Clearing the forest is one thing, but it is difficult to do this without burning,  when you do not have the proper tools to keep it open. The burning of the forest by farmers could have been a  reason why the LBK left the region, because of the opposite interests between the farmers and the local hunter -gatherers. Image: Arbannig
Overview of  investigated  most important LBK settlements / locations in the region:
Berg aan de Maas-Pastoor Eijckstraat, 
Elsloo -Koolweg
Elsloo- Joannes Riviusstraat
Geleen-Centraal Laboratorium, 
Geleen -Janskamperveld
Kelmond- Beekerveld
Kelmond- Zonneveld
Maastricht -Cannerberg
Maastricht -St.
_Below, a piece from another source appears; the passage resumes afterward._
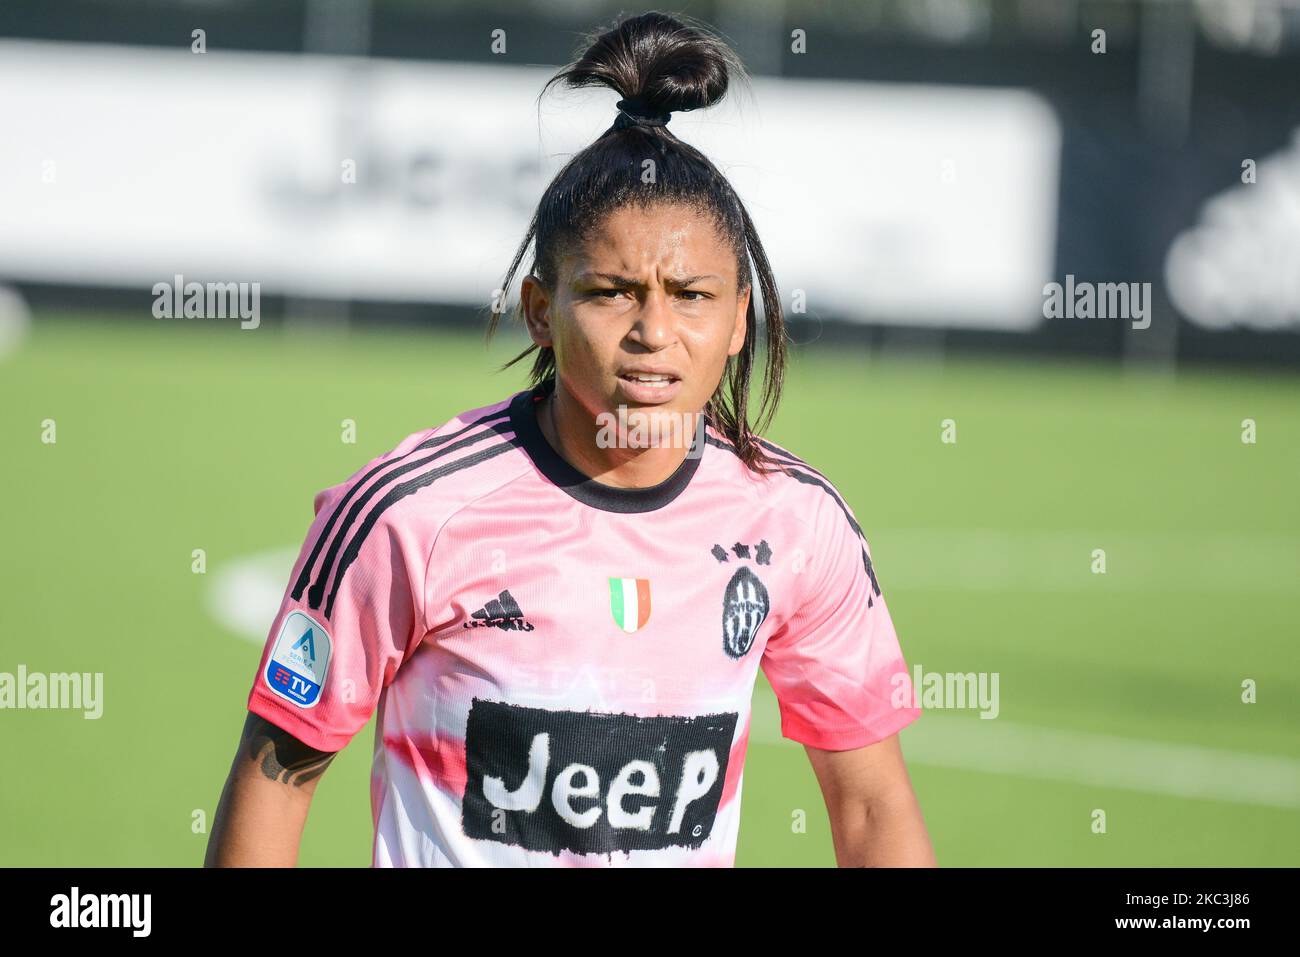 Maria Alves assina contrato com a Juventus e espera estrear contra o  Barcelona na Champions, futebol internacional

Christoffelplein
Sittard Rijksweg-Zuid
Sittard -Tienbunder
Stein -Keerender Kerkweg
Migration of the LBK, from the South of Germany ( out of the "Flomborn"LBK ), following the Rhine up to Cologne, spreading into Limburg, the Belgian Hesbaye. Another group headed west by the river Moselle and ended up in the Paris Basin, around 5000 BC. Image: Arbannig

Typo-chronological determinants for surface finds of the Neolithic periods in South -Limburg(left: pottery design; middle: flint points; right: axe type. image: Arbannig

 Below: 4 images of typical Linear Band Keramik shards from a private collection from the Belgian Hesbaye region.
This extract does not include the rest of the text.